Nothing but the lines from the one containing "Plazma Records Showcase - Flyer front" to the end of the data should be copied, exactly, and the pictures stay out.

**DATA**
- - - - - - -
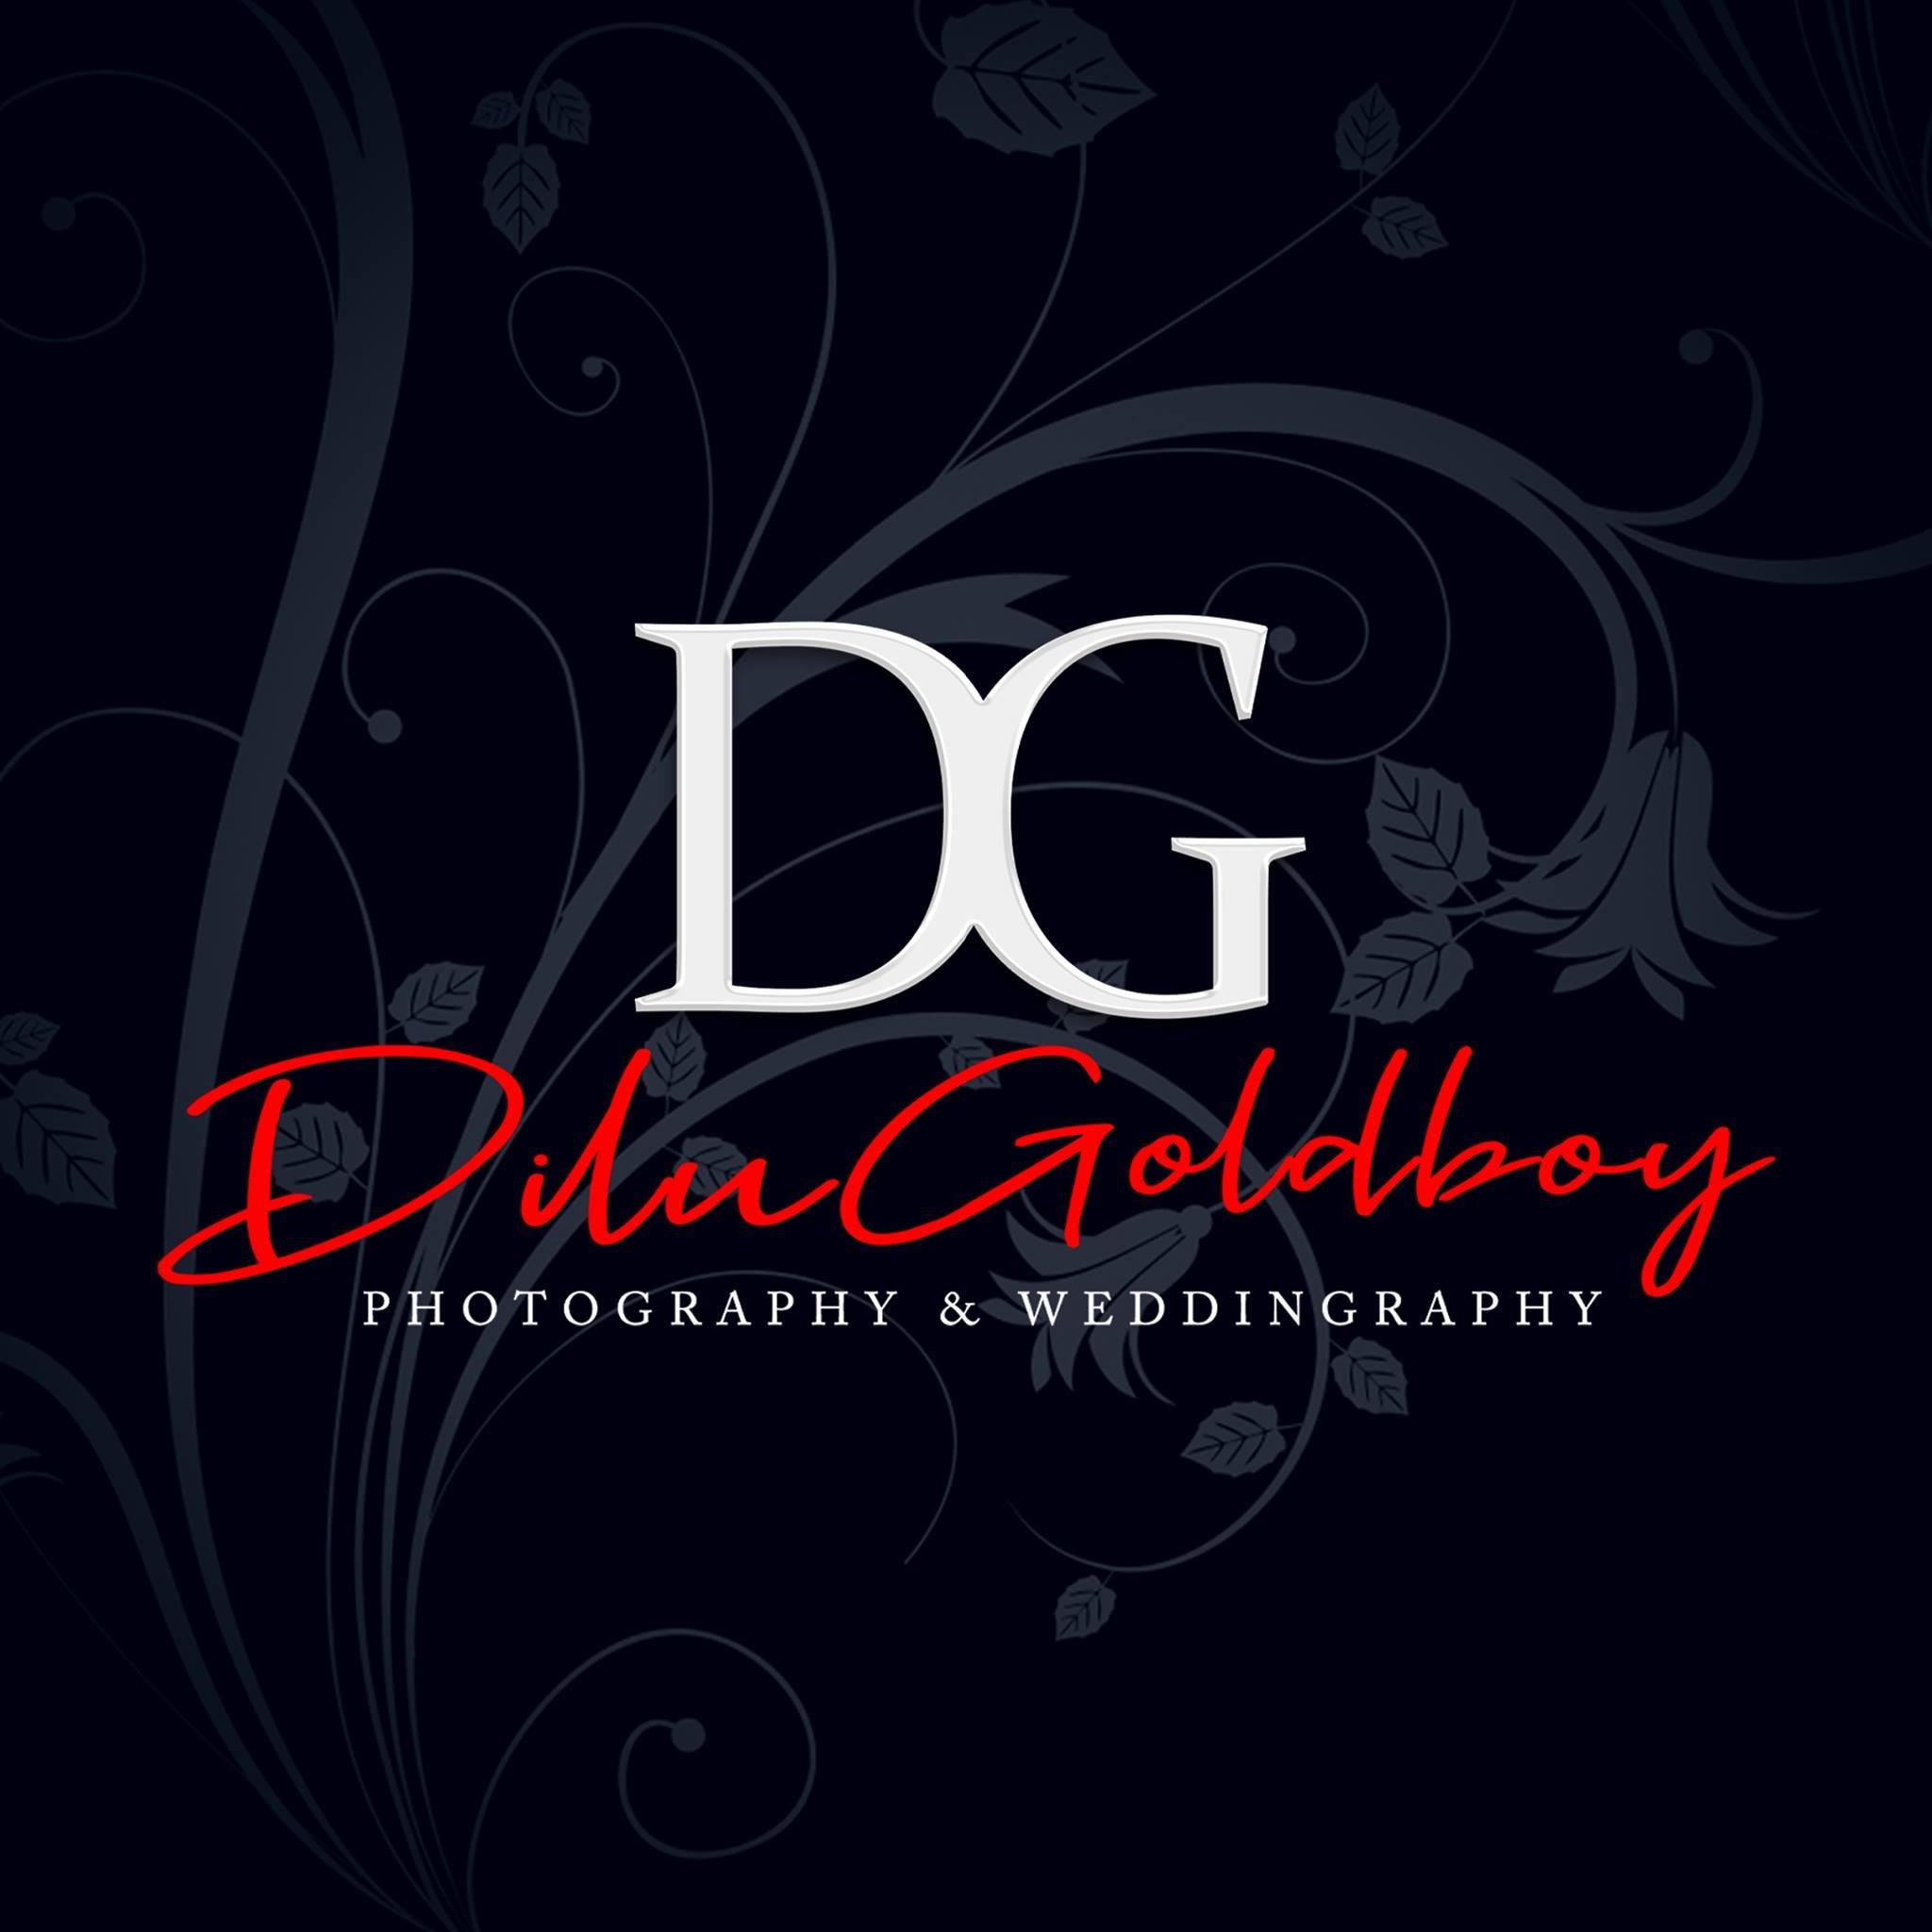 DG Photography & Weddingraphy Logo
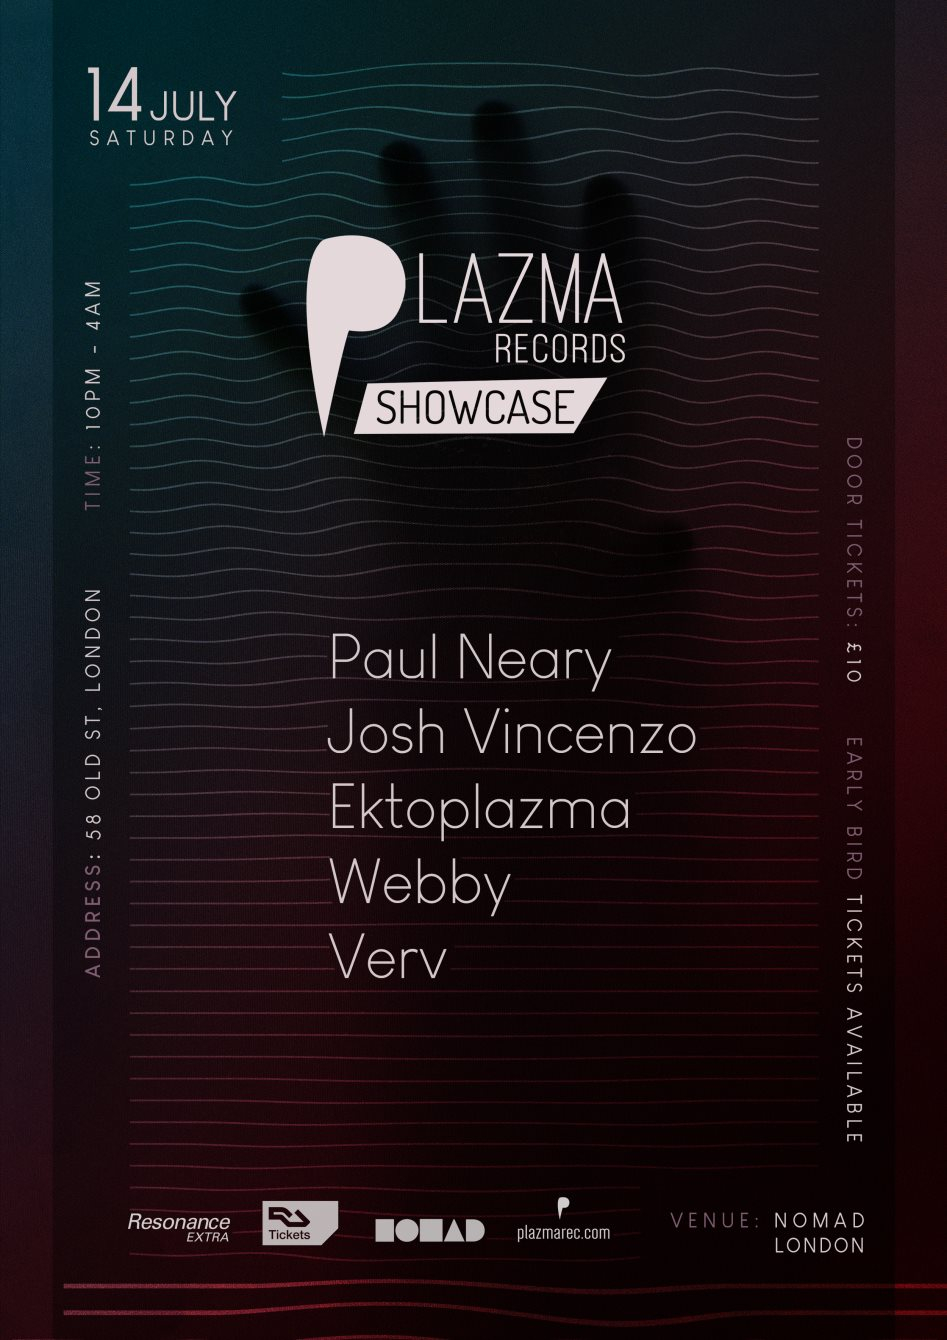 Plazma Records Showcase - Flyer front
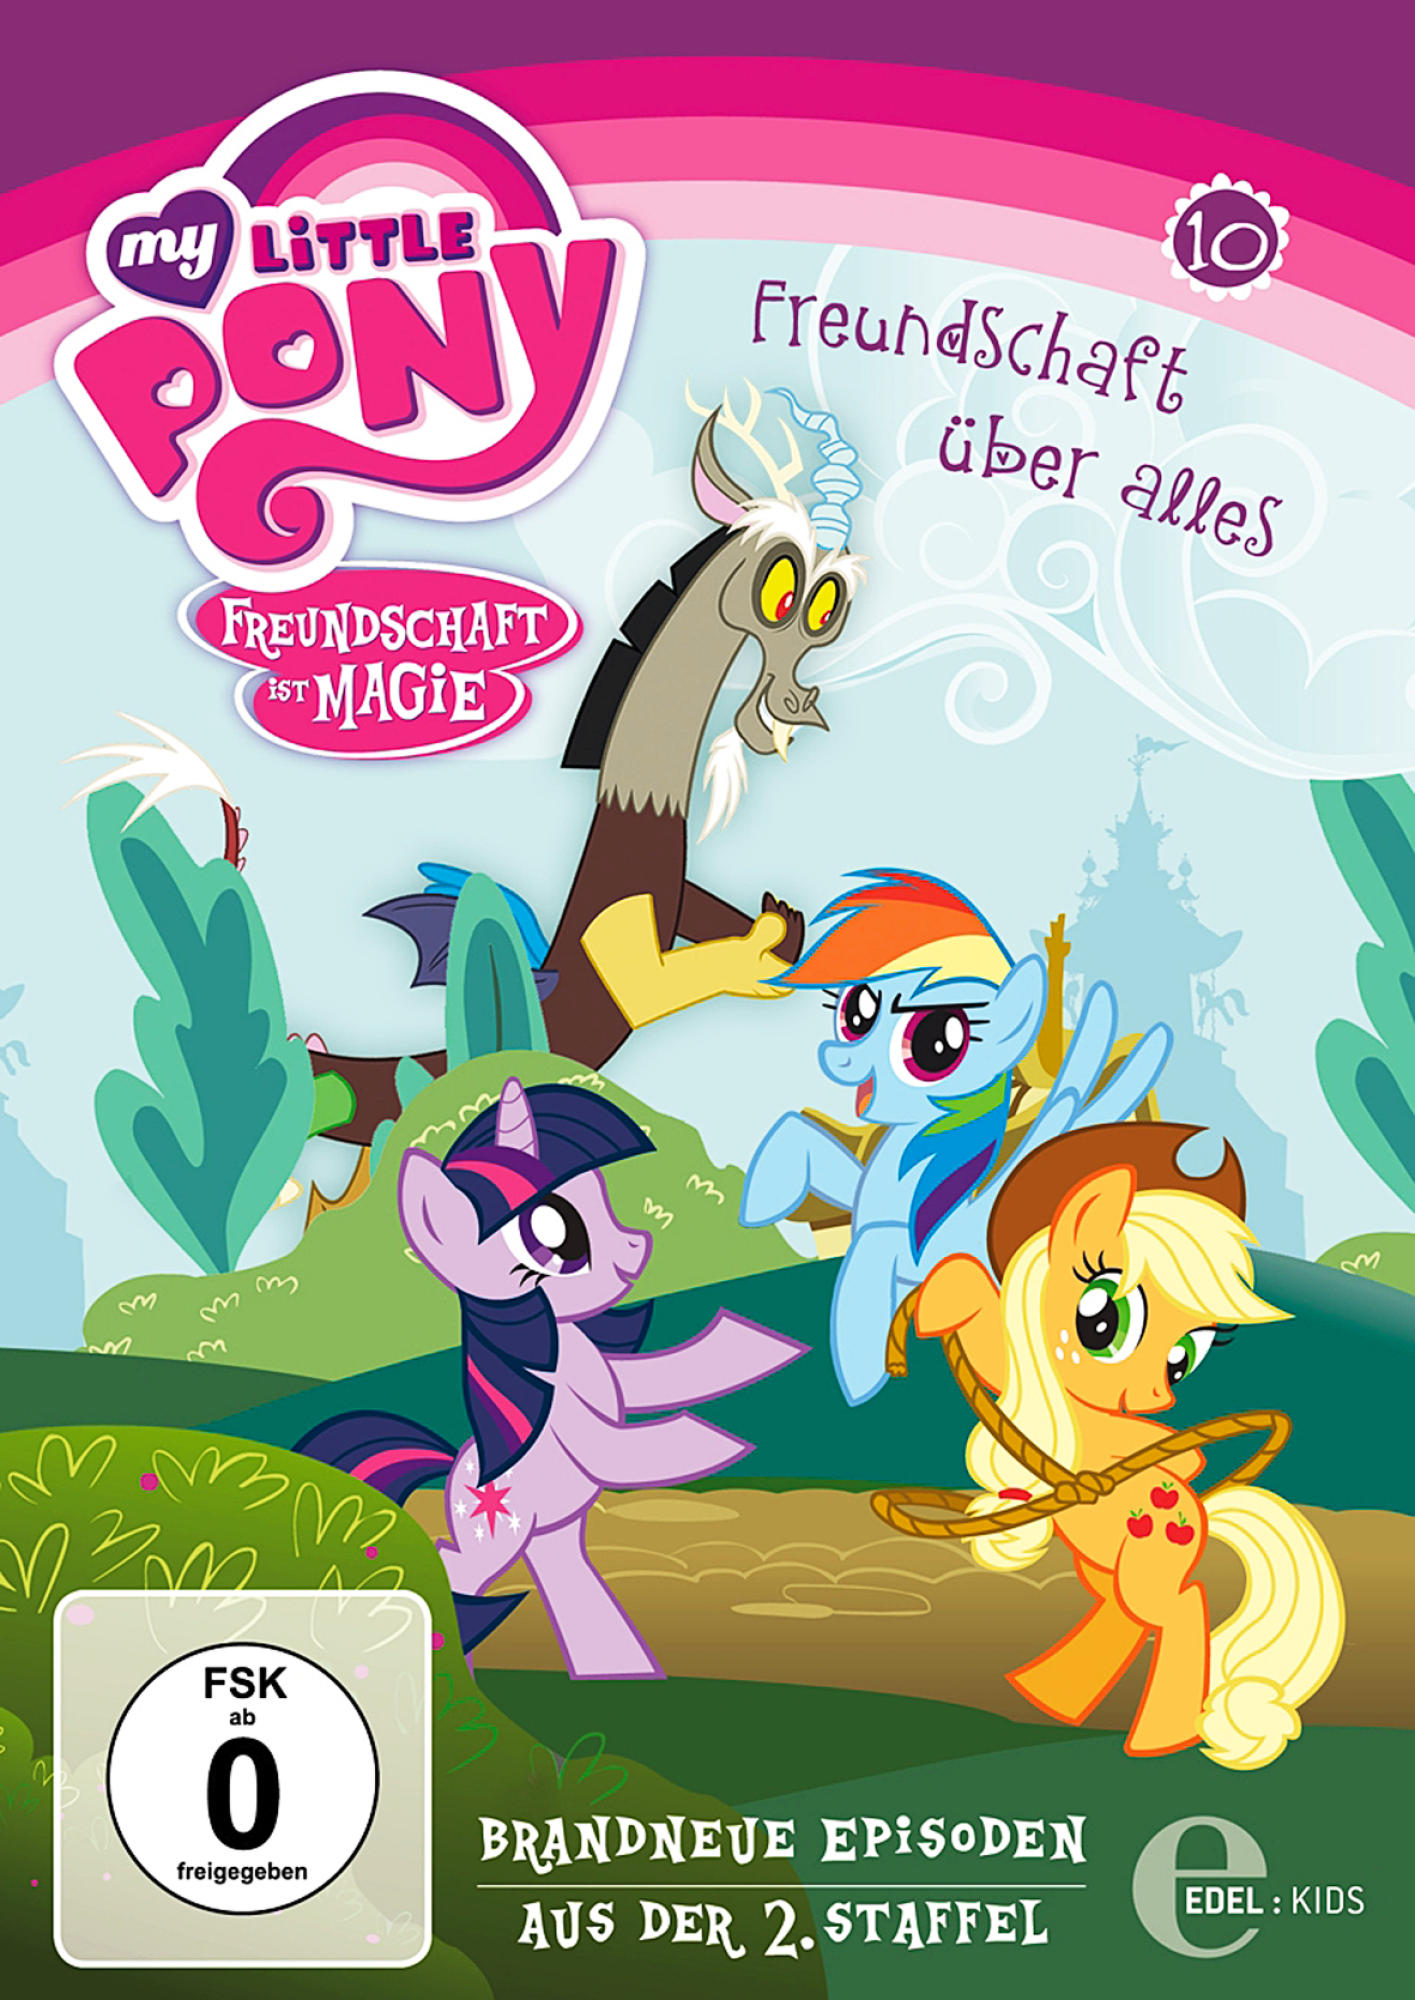 010 - Pony alles Freundschaft über Little DVD My 
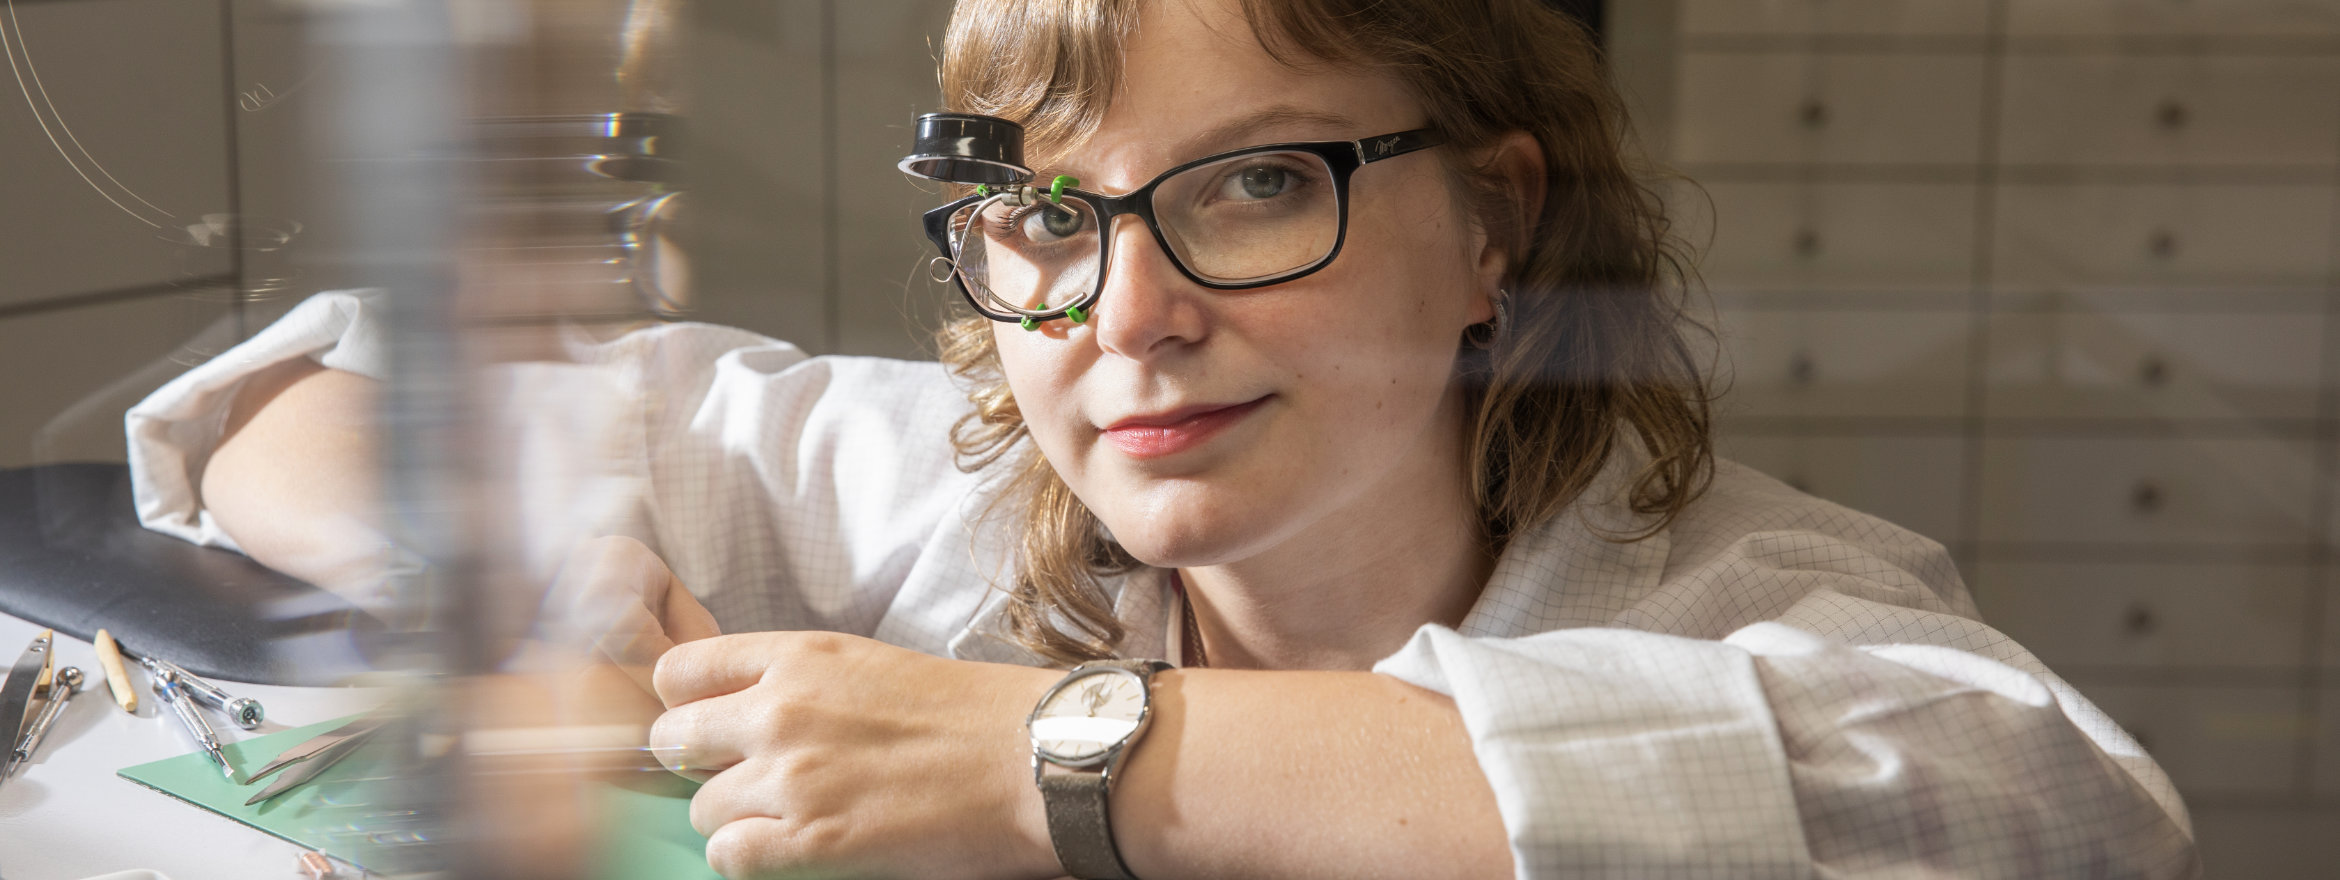 Interviewing Venla Voutilainen on Her Watchmaking Journey
- - - - - - -
**RESPONSE BELOW**
 Plazma Records Showcase - Flyer front
 010 - Pony alles Freundschaft über Little DVD My 
 Interviewing Venla Voutilainen on Her Watchmaking Journey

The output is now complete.